Please read this description below prior to commenting…

Ok I was trying LO. I opened my Word .docx file with LO and the formatting was good though by no means identical e.g. in adding 40 pages to the overall document size.

So I reopended the doc in Word and saved in the .odt format. I saw that some changes were not compatible & proceeded anyway.

I then compared opening the new .odt document in Word & LO. Interestingly opening in Word added +2 pages compared to the (original .docx) document whilst LO preserved the original number of pages. Also the LO formatting was closer to the original .docx version (in Word) than simply opening the .docx version in LO…

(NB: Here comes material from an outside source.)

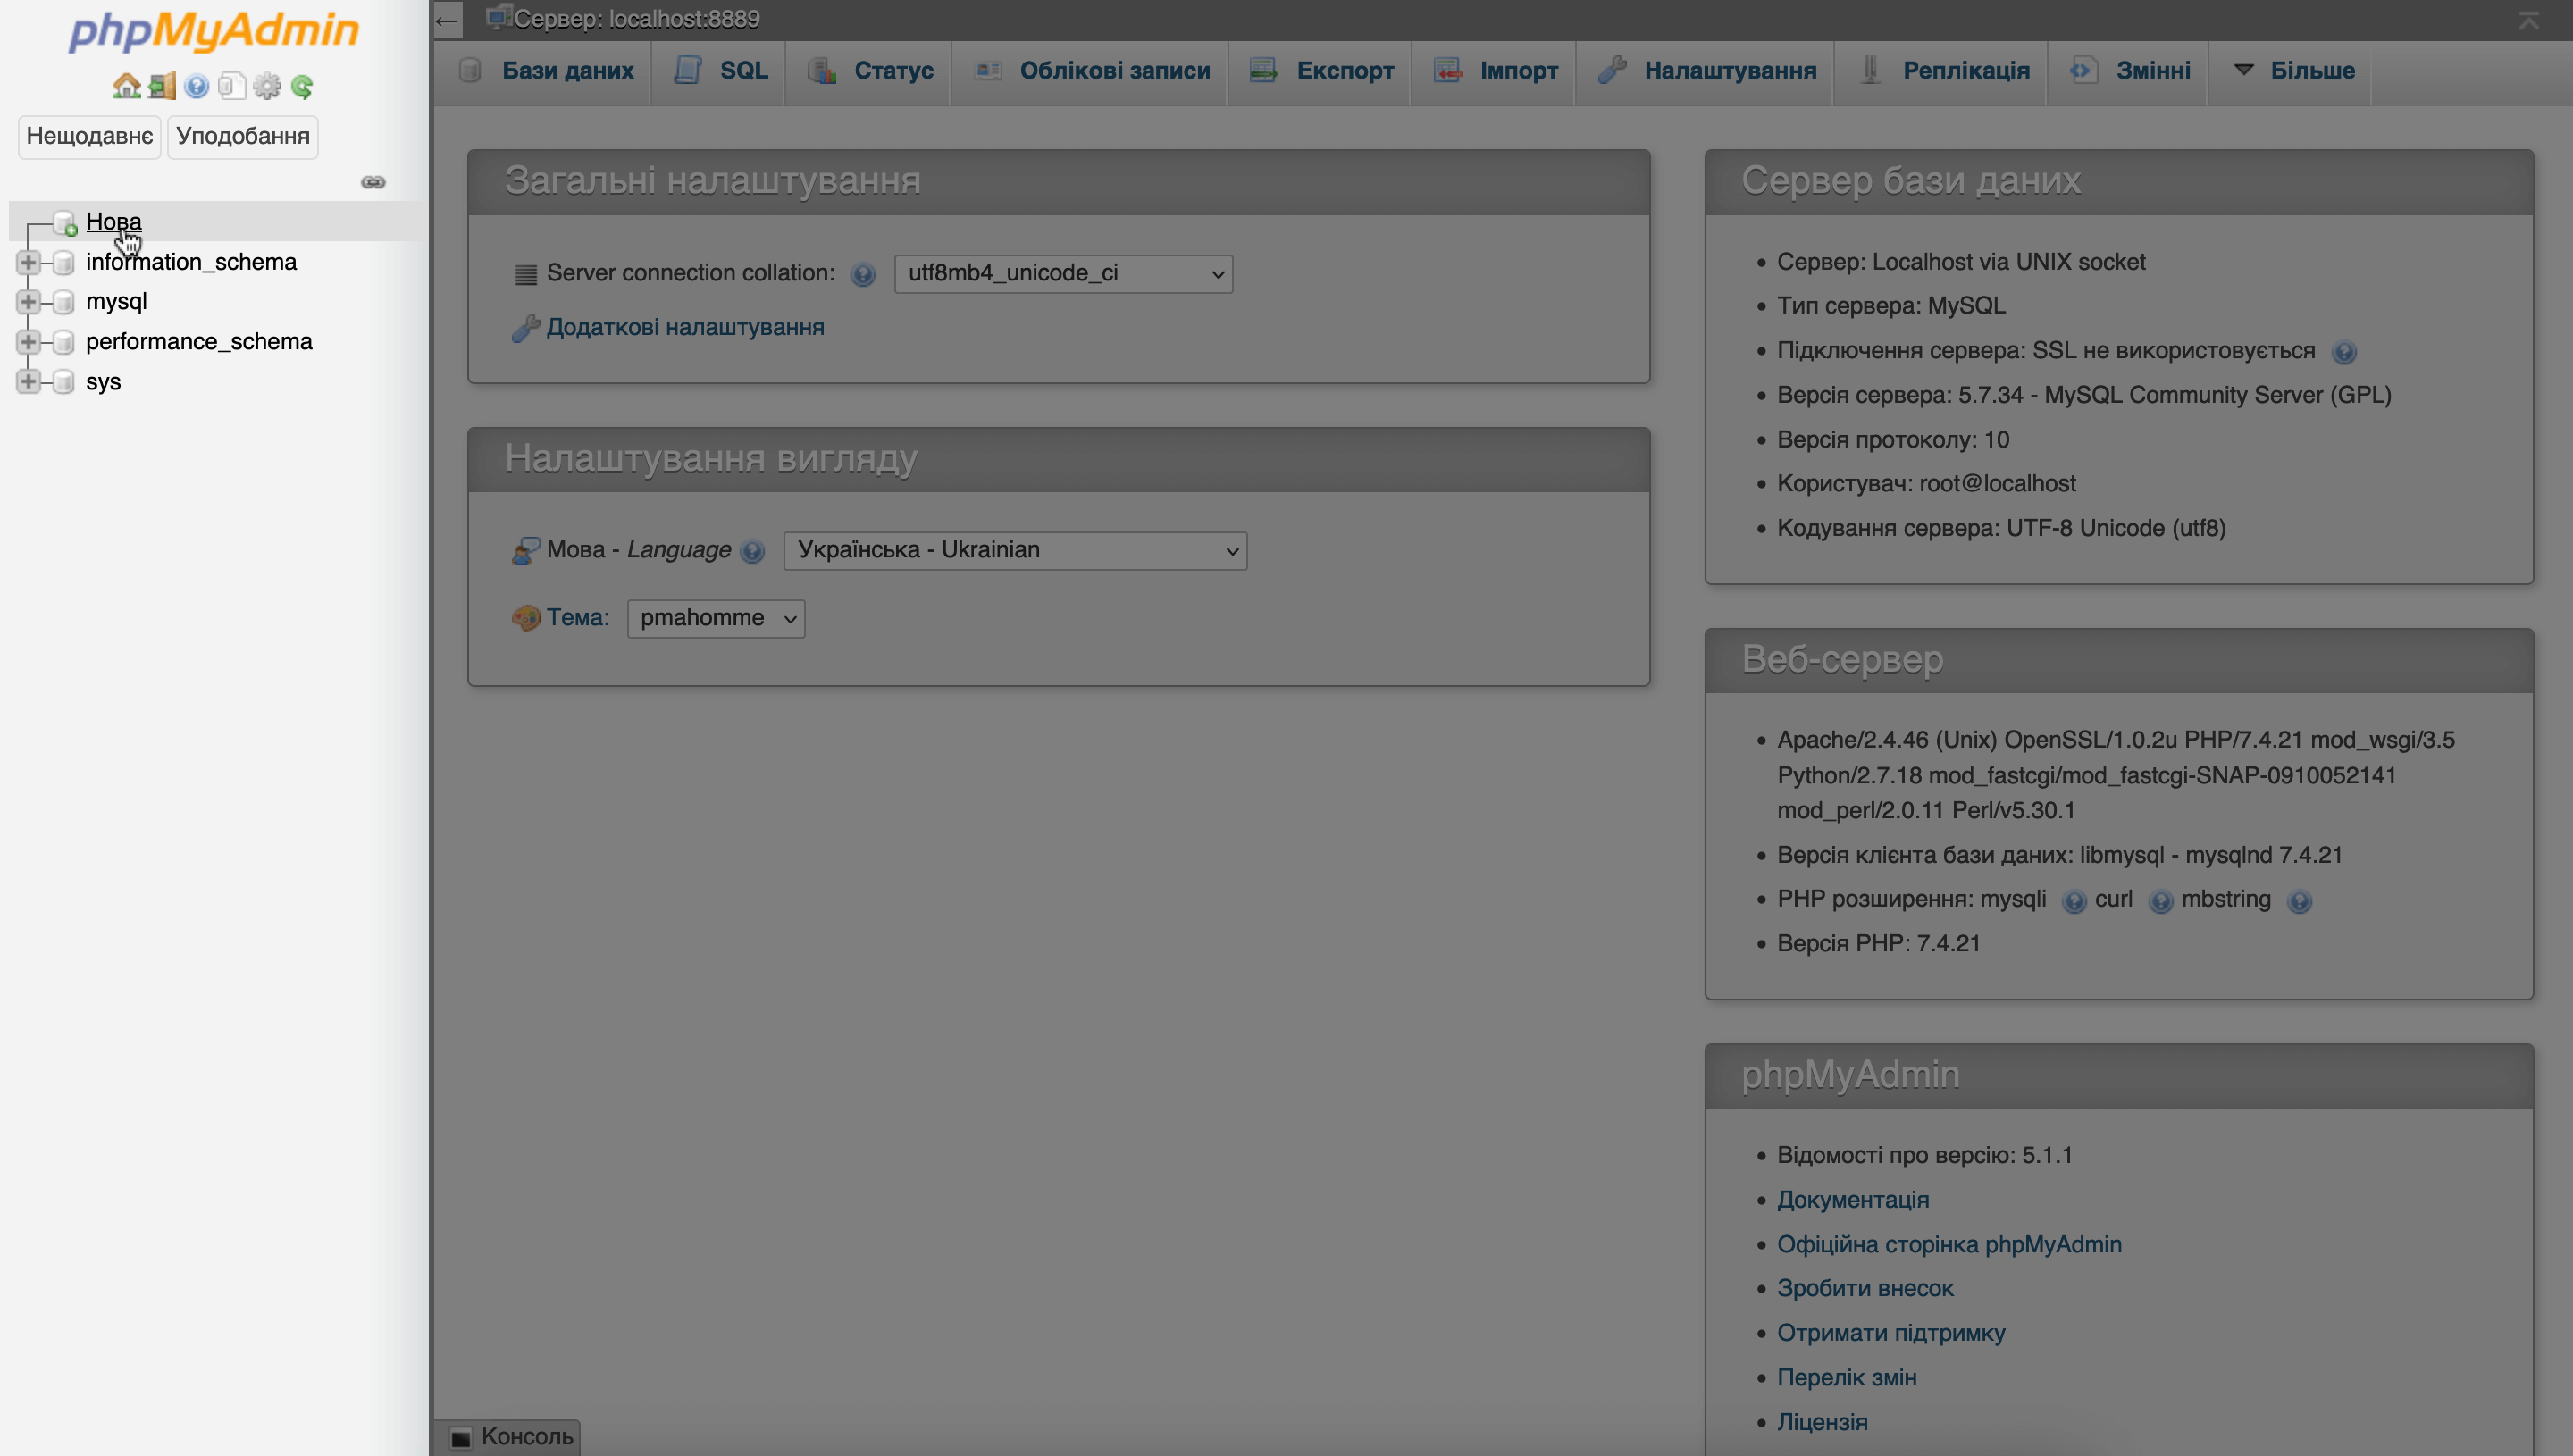 Як встановити Вордпрес локально — Бічна панель на головній сторінці phpMyAdmin

So I reopened the .docx version in Word to compare it to the .odt version in LO. It is very very close. The formatting I have only found a single instance within the text that differs. Also differing though is the text at the boundarys of the page ends. The latter is a more serious ‘conflict’ that I would like to try and pinpoint. Firstly I tried opening the Page Size and indeed it was out by a few tenths (0.1) of cm in LO .odt file so corrected this to identically match the original .docx paper size (margins were correct). Why this was slightly out in the first place I’m not sure.

Anyways the text still overuns (or runs short) in some instances… interestingly overall though it does seem to keep in sync e.g. some pages early on carry a sentence over into the next page whilst several pages later the text lines up again as if the difference has magically recorrected itself…

So what I am trying to find out is what aspect of formatting is causing the text at the boundaries of pages to go out of sync yet the whole structure itself (as noted with later pages back) remains in sync. Included in the original were inserted images/ shapes/ headers is what I can think of at the moment though I ‘ve tried deleting various & seems to not affect this issue.

Anyone help iron out why LO handles the edges of pages different to Word 2010?

LO Writer will likely never handle the DOCX format in such a manner as to perfectly display the content identically to Word. Saving your existing DOCX as an ODT via Word can easily result in differences of appearance as the underlying specifications (OOXML and ODF) are not the same. The OpenDocument (ODF) XML generated by Word will not be as clean as that generated natively by Writer. There are several potential issues here: page margins (top and bottom), page header/footer, paragraph orphan/widow handling, line ending (breaking algorithm), fonts, style handling, inserted object handling, etc.

It is impossible to say exactly where the differences may be issuing from, but I would imagine it is a combination of things (mentioned above). Any document containing a combination of elements soon develops complex XML in order to accurately represent the content. I would first look at your Text Flow settings in both applications (perhaps this attribute is not being translated correctly?) I would also set the text to use a ‘neutral’ font, such as SIL Gentium, to remove this aspect from the equation.

Another possible issue is the implementation of the line-breaking algorithm varying between Word and Writer. If it does, there is little you can do about this.